_TASK INPUT:_
▶

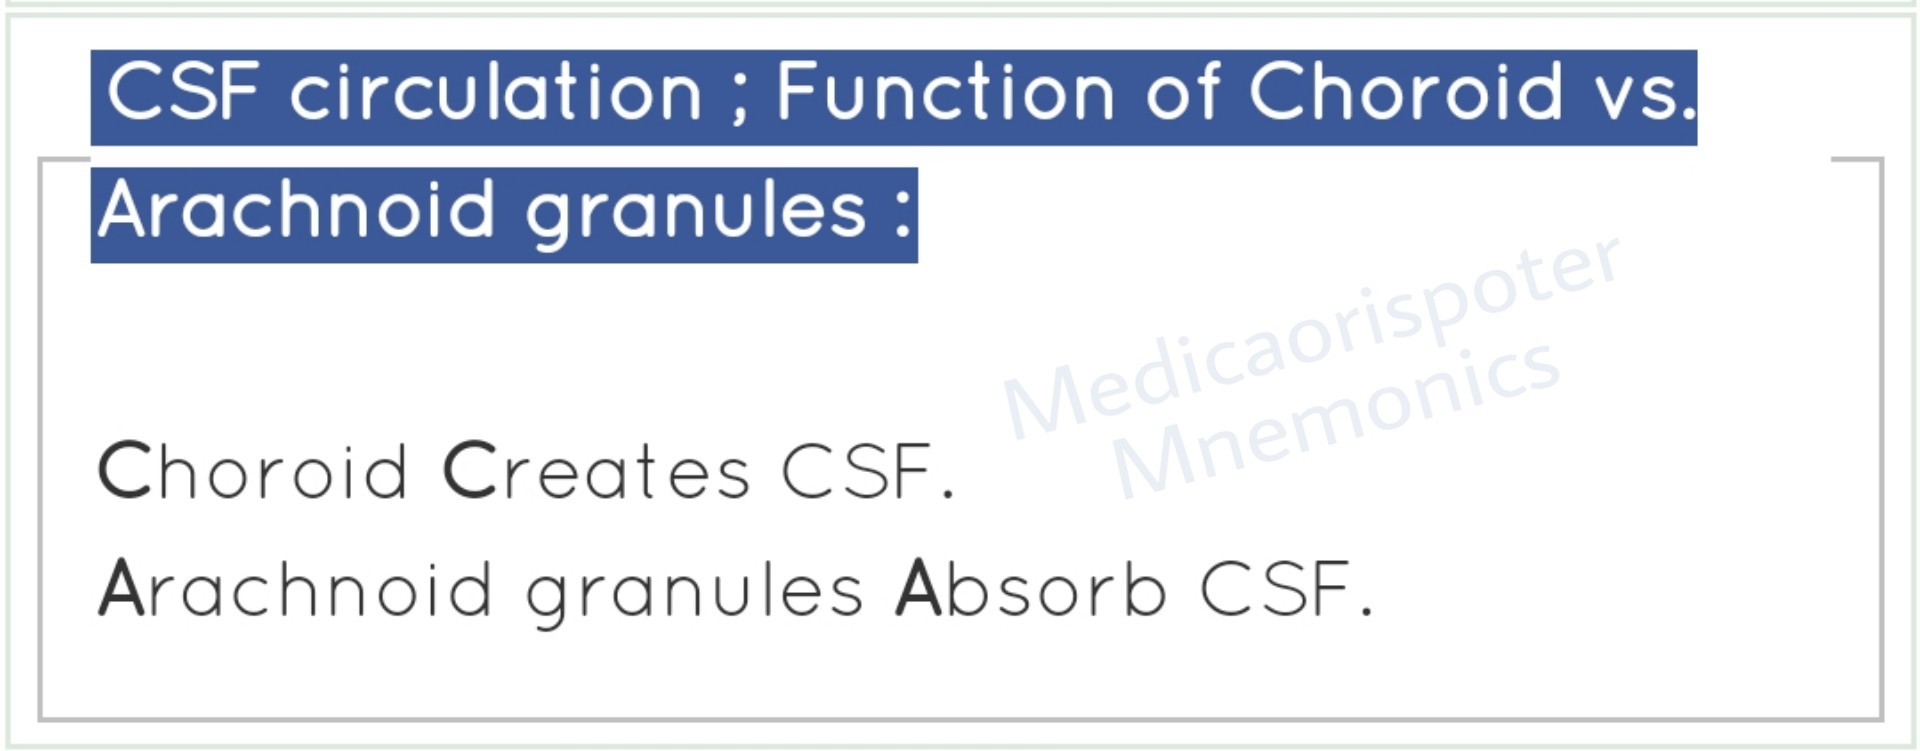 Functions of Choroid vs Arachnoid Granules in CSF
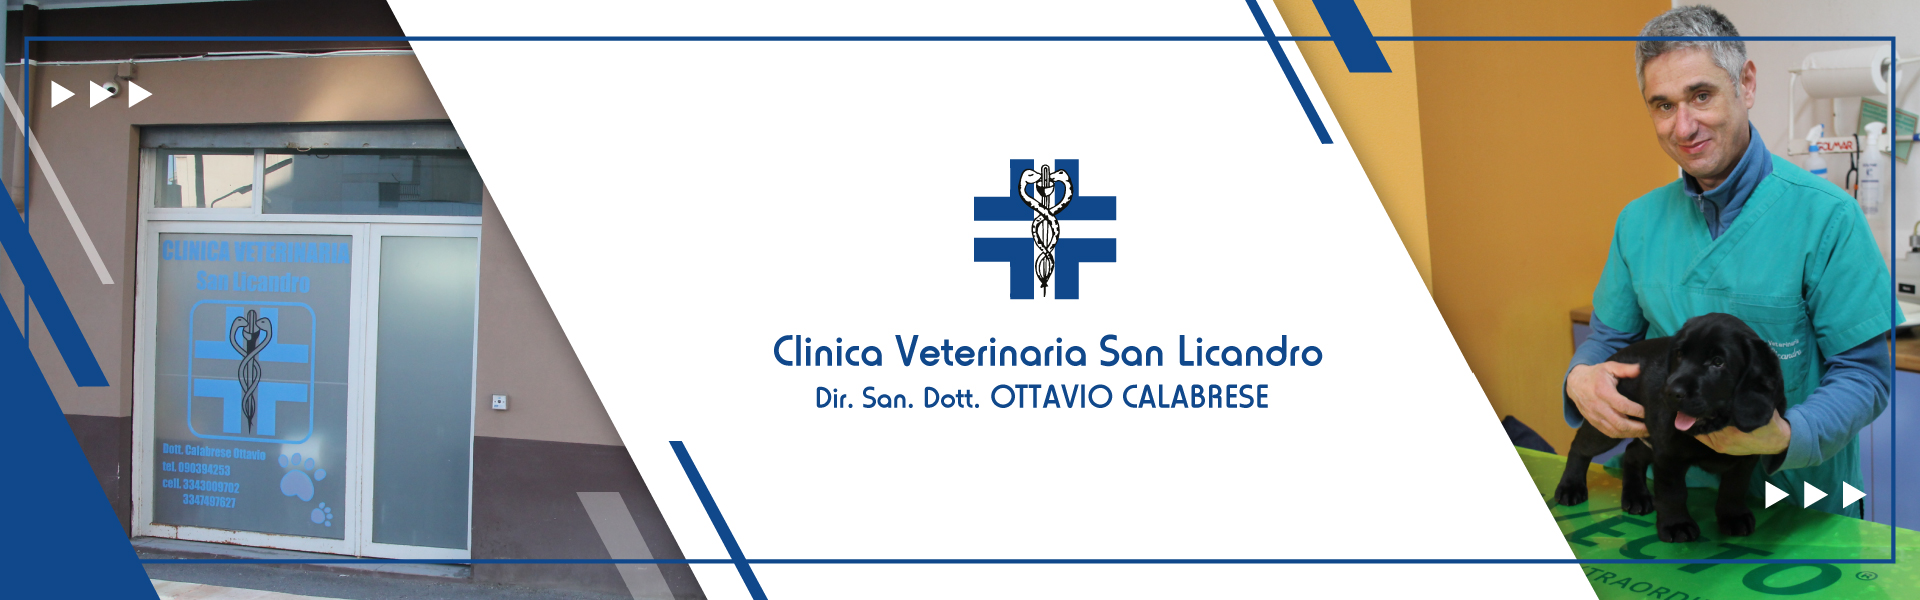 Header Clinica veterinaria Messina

◀
▶

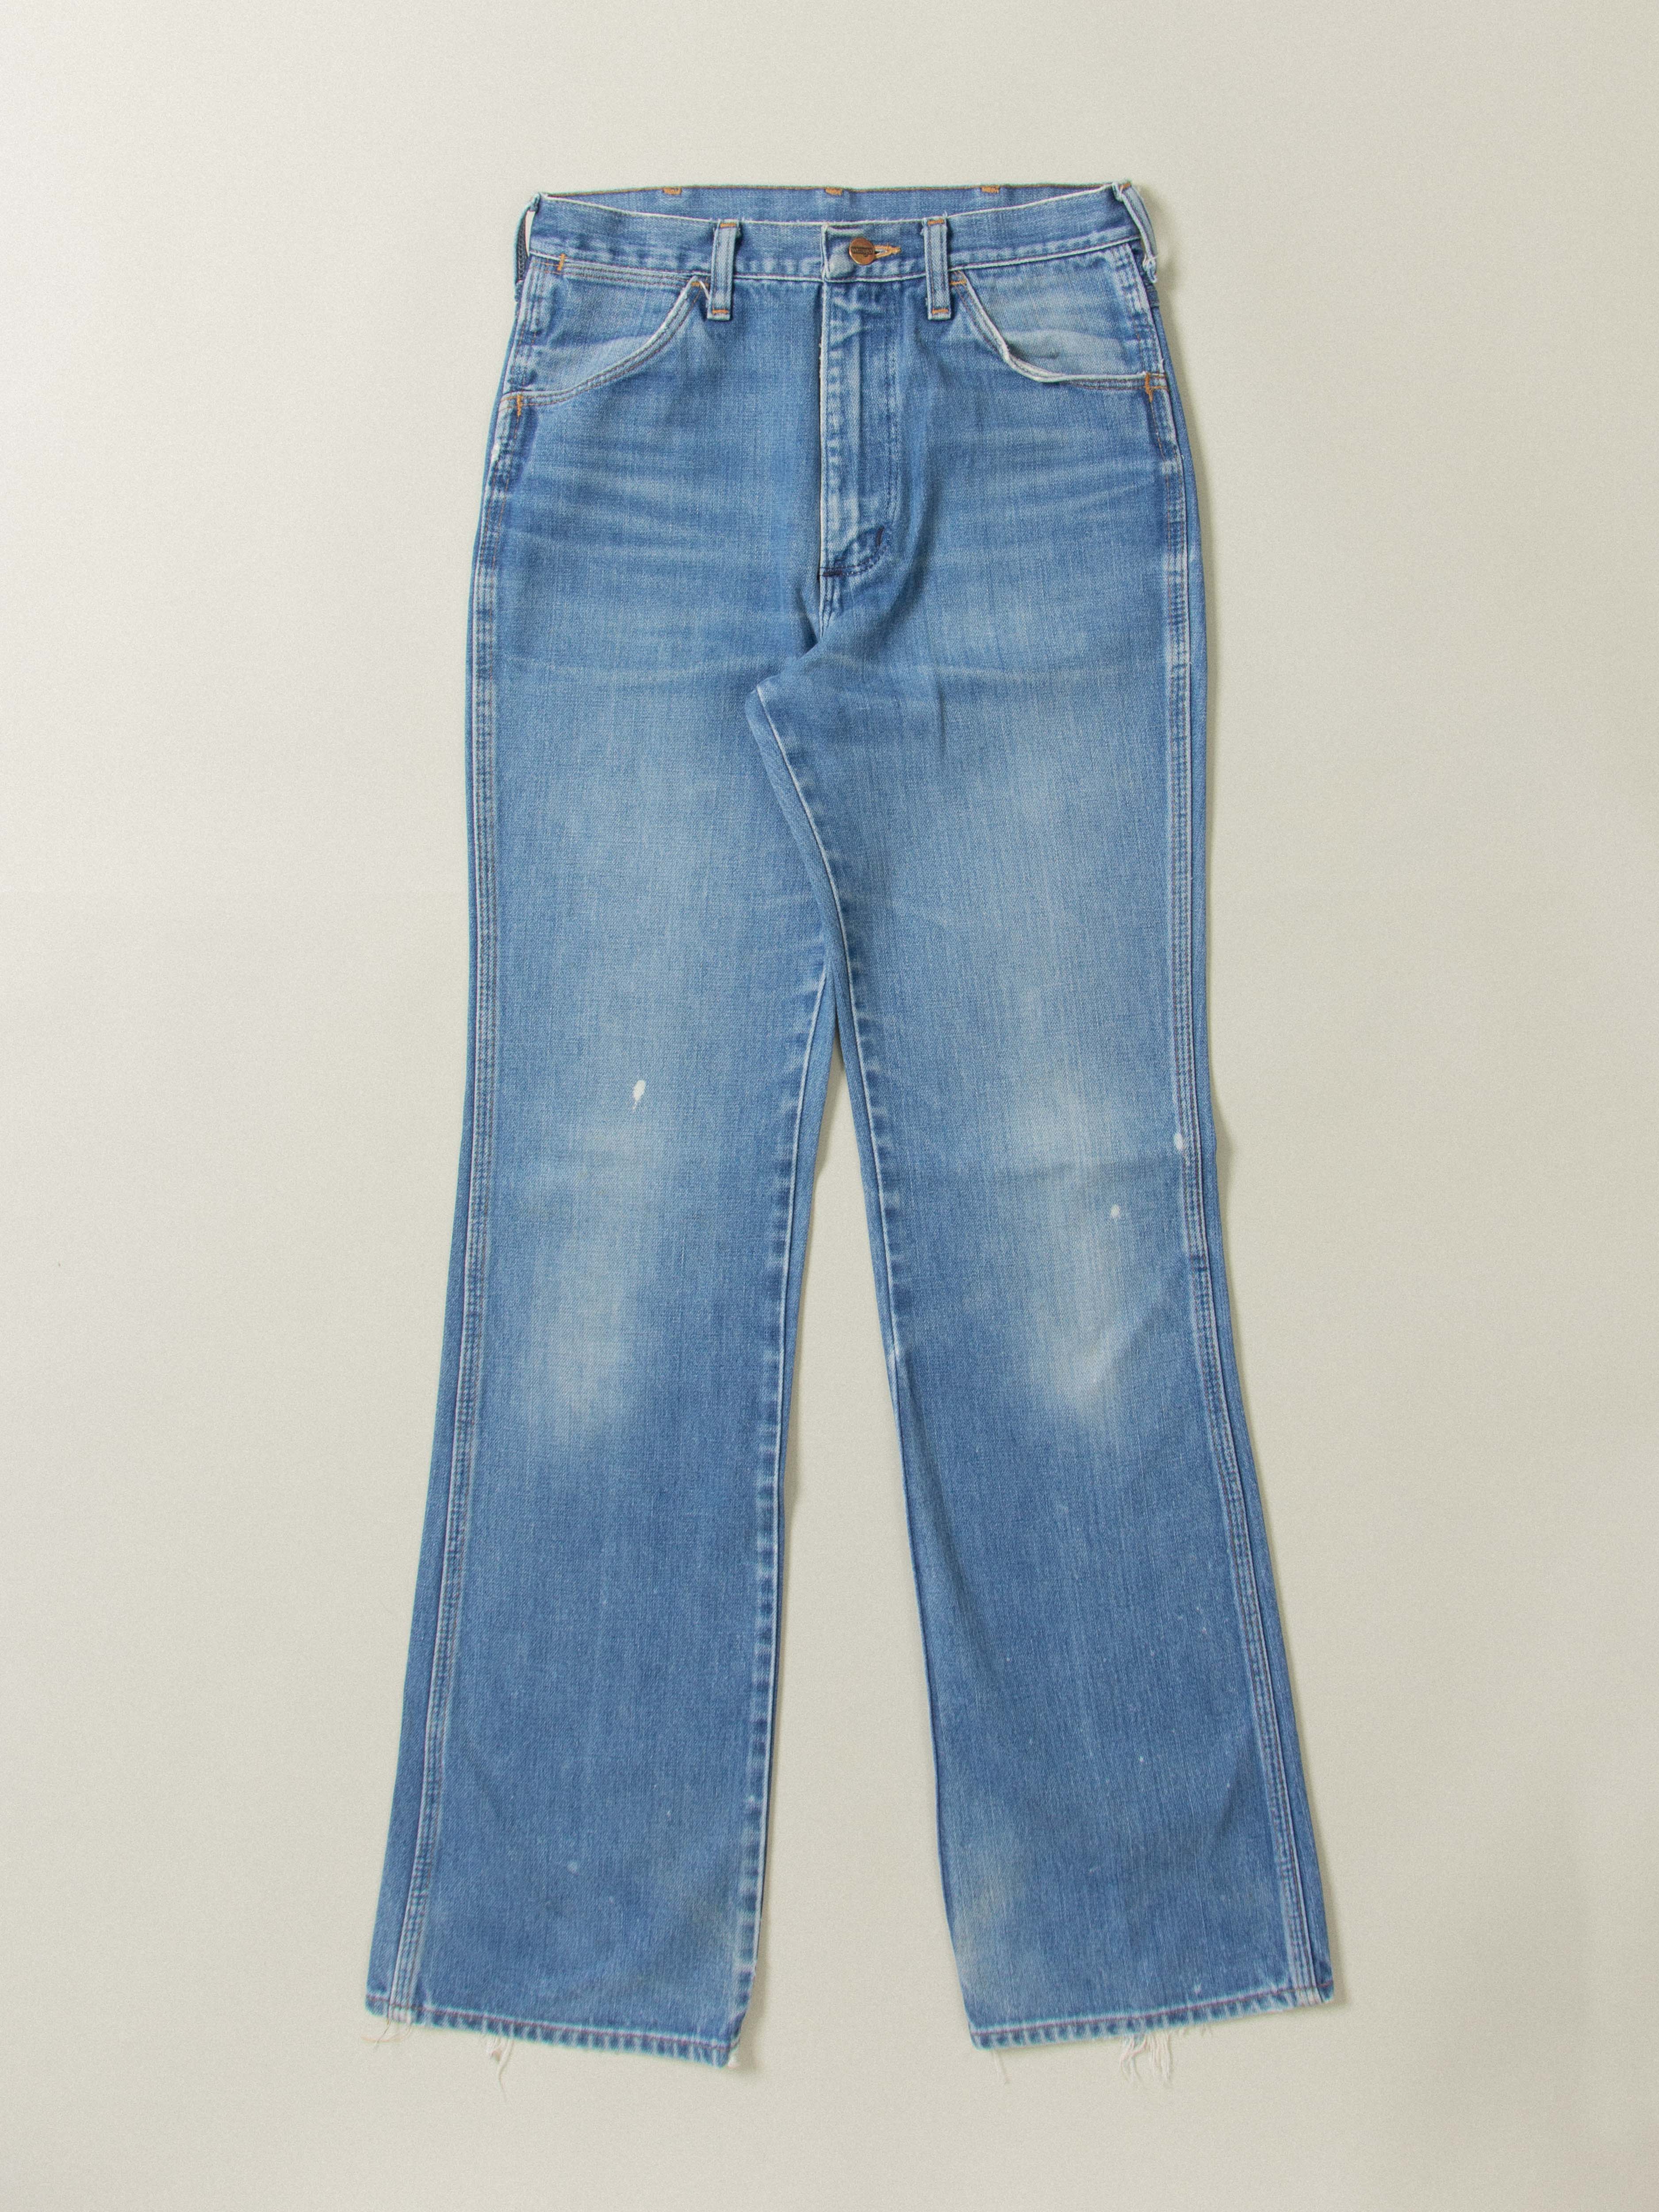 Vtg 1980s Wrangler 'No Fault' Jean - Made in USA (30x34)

◀
▶

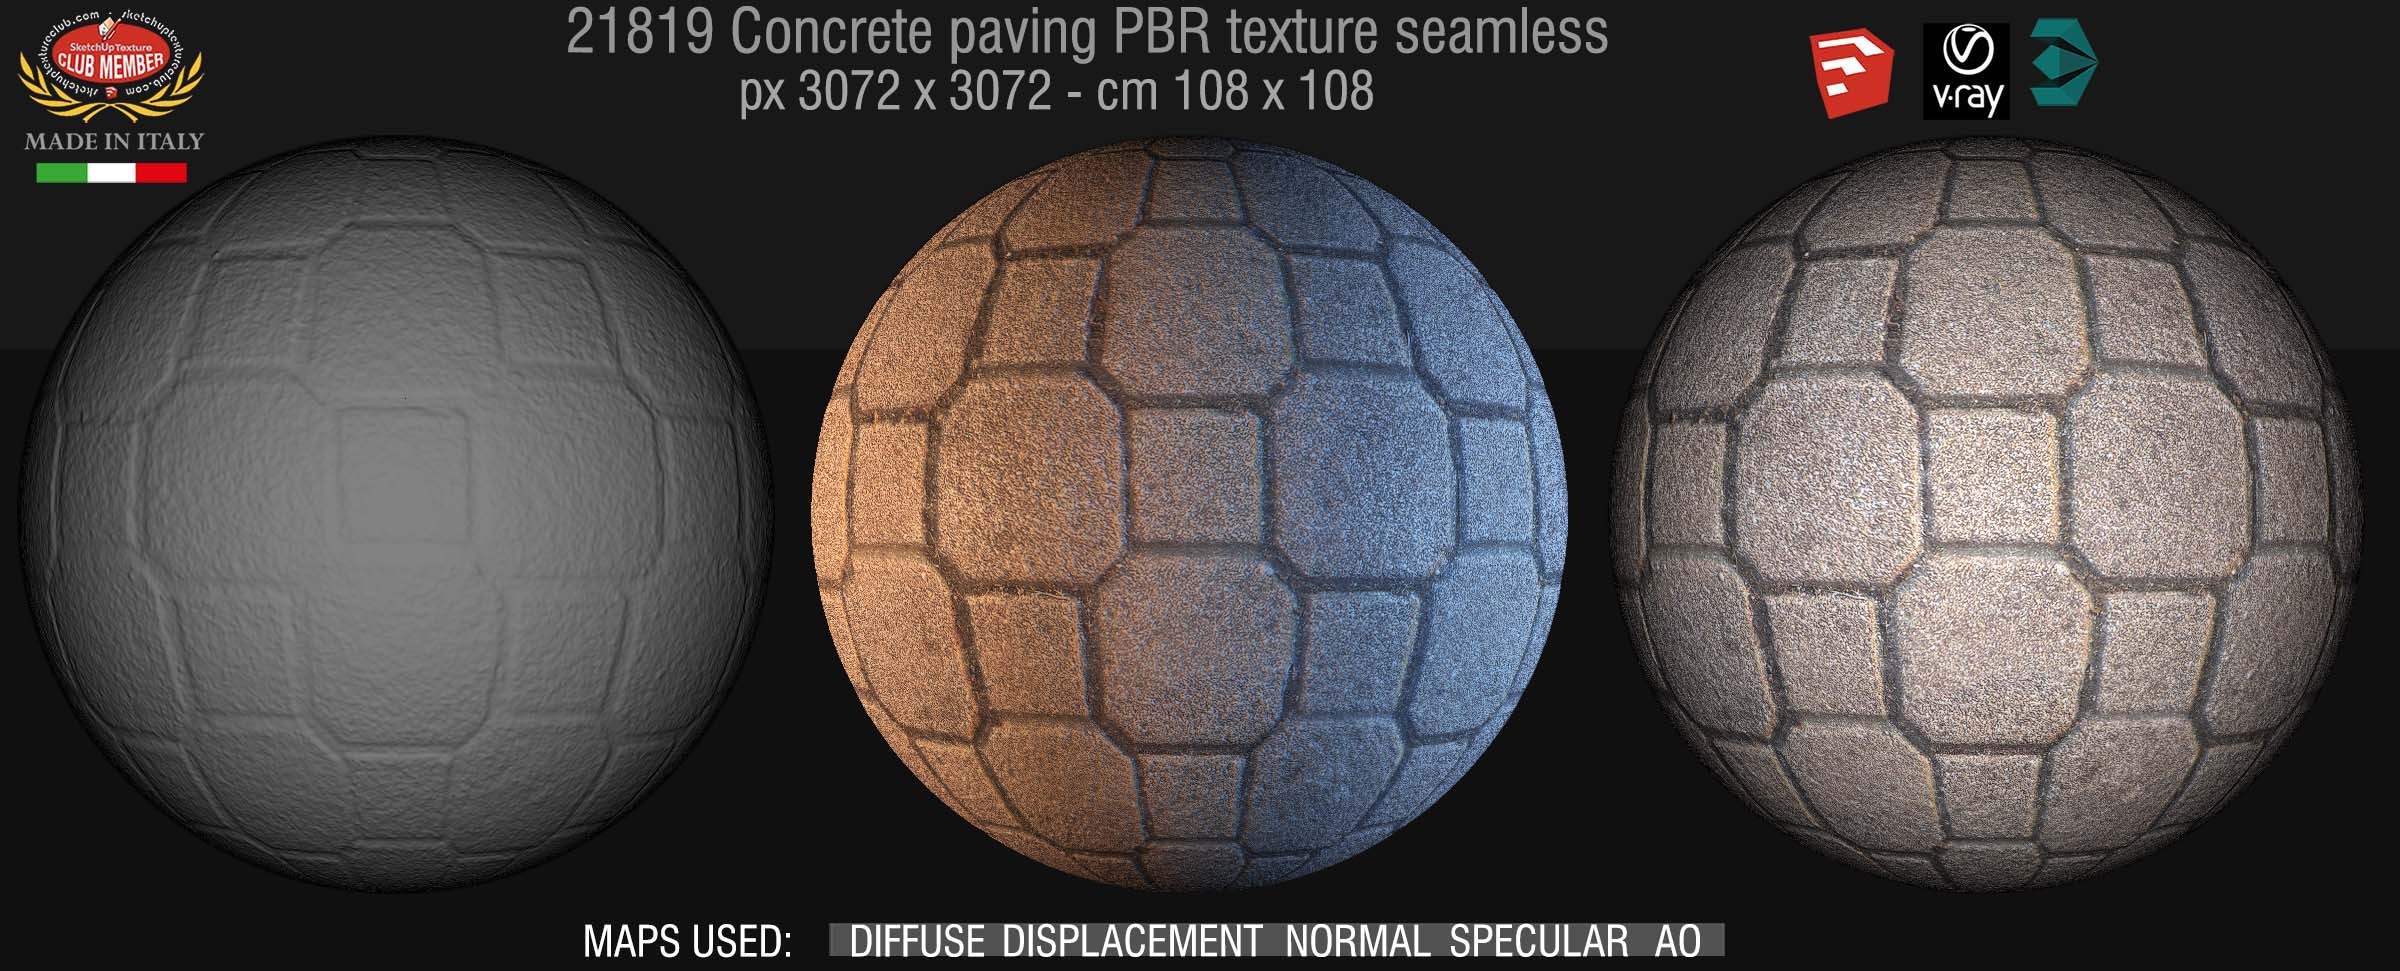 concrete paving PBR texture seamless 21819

◀

_INSTRUCTIONS FOR THE TASK:_ Above are some records. Reproduce the lines from the one with "Functions of Choroid" down to the one with "Header Clinica veterinaria Messina", keeping both, and leave every picture out.

_EXERCISE RESPONSE:_
 Functions of Choroid vs Arachnoid Granules in CSF
 Header Clinica veterinaria Messina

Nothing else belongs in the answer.